Many shipwrecks within Florida Keys National Marine Sanctuary are open to diving and snorkeling
One of the goals of the national marine sanctuary system is to provide opportunities for people to learn about our nation’s maritime heritage. Therefore, many historical sites within Florida Keys National Marine Sanctuary are open to diving and snorkeling.
The exceptions are those sites located within the sanctuary’s Special-use Research Only Areas. These “no-entry” zones are set aside for research purposes and no snorkeling or diving is allowed within them. Research-only Areas are located at Tennessee Reef, Conch Reef, Looe Key patch reef, and Eastern Sambo. The Tortugas South Ecological Reserve is also closed to diving and snorkeling.
If you are interested in diving or snorkeling shipwrecks within Florida Keys National Marine Sanctuary, we encourage you to check out the sanctuary’s Shipwreck Trail. These historic ships lie scattered along the treacherous coral reefs and buried a few miles off shore.

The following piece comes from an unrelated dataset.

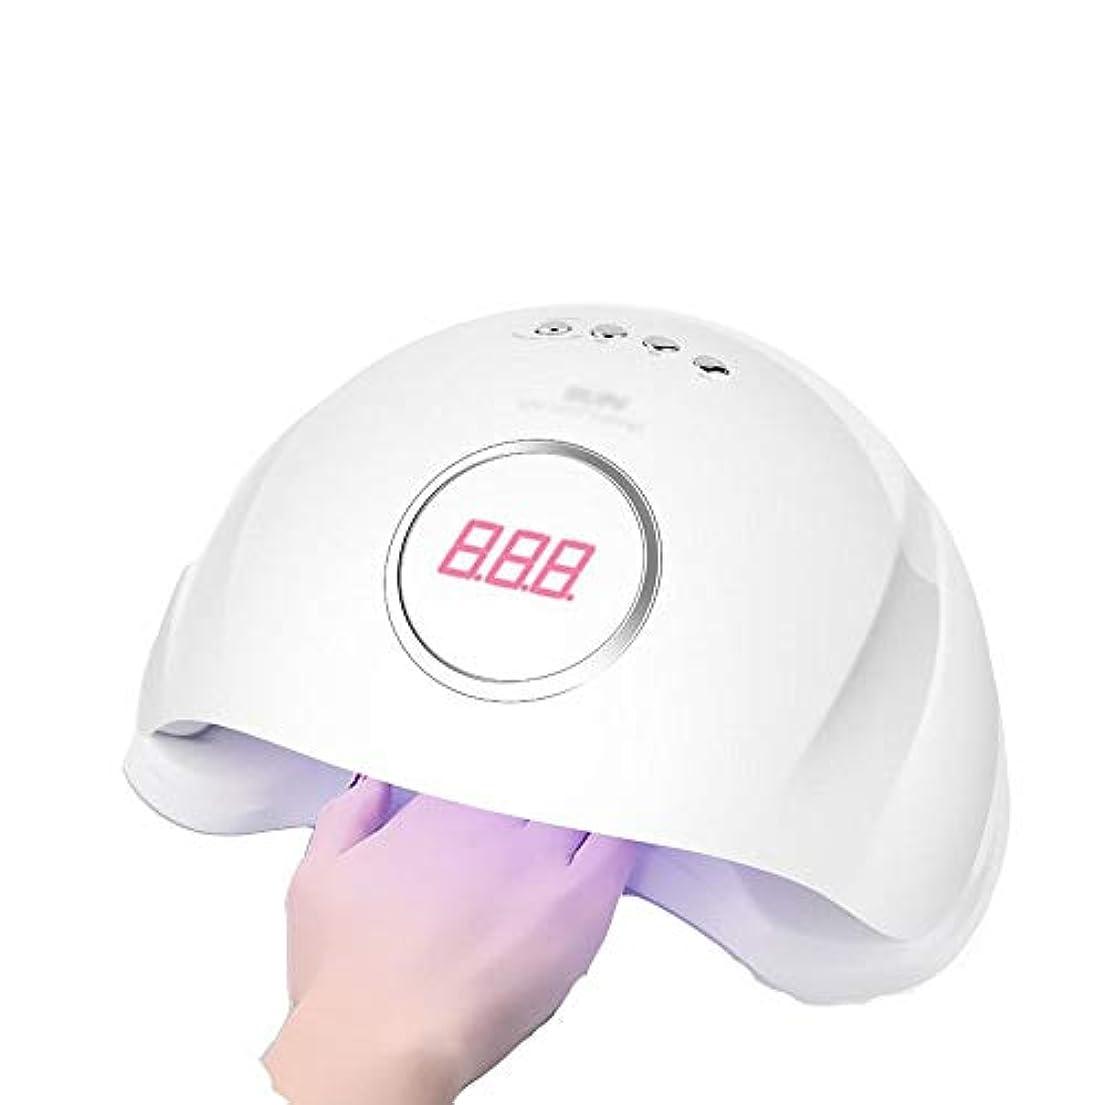 YESONEEP 108Wネイル光線療法ランプLED無痛光線療法機10秒にすべての接着剤を乾燥させる (Size : 108W power)

The nine ships along this Shipwreck Trail have many tales to tell, from the stories of individuals who came before us to why they were here and their difficulties in navigating these waters.
Visitors are encouraged to explore the sites along the trail. An underwater guide is available for each site on the Shipwreck Trail, providing the shipwreck and mooring buoy positions, history, a site map, and information about marine life that divers might encounter. Conditions on the Shipwreck Trail sites vary from easy dives in shallow water to deeper dives of l00 feet or more where swift currents may be encountered. Some of the deeper sites require mooring to submerged buoys.
Remember that if you do dive or snorkel on shipwrecks in the sanctuary, be respectful of these resources and do not disturb them.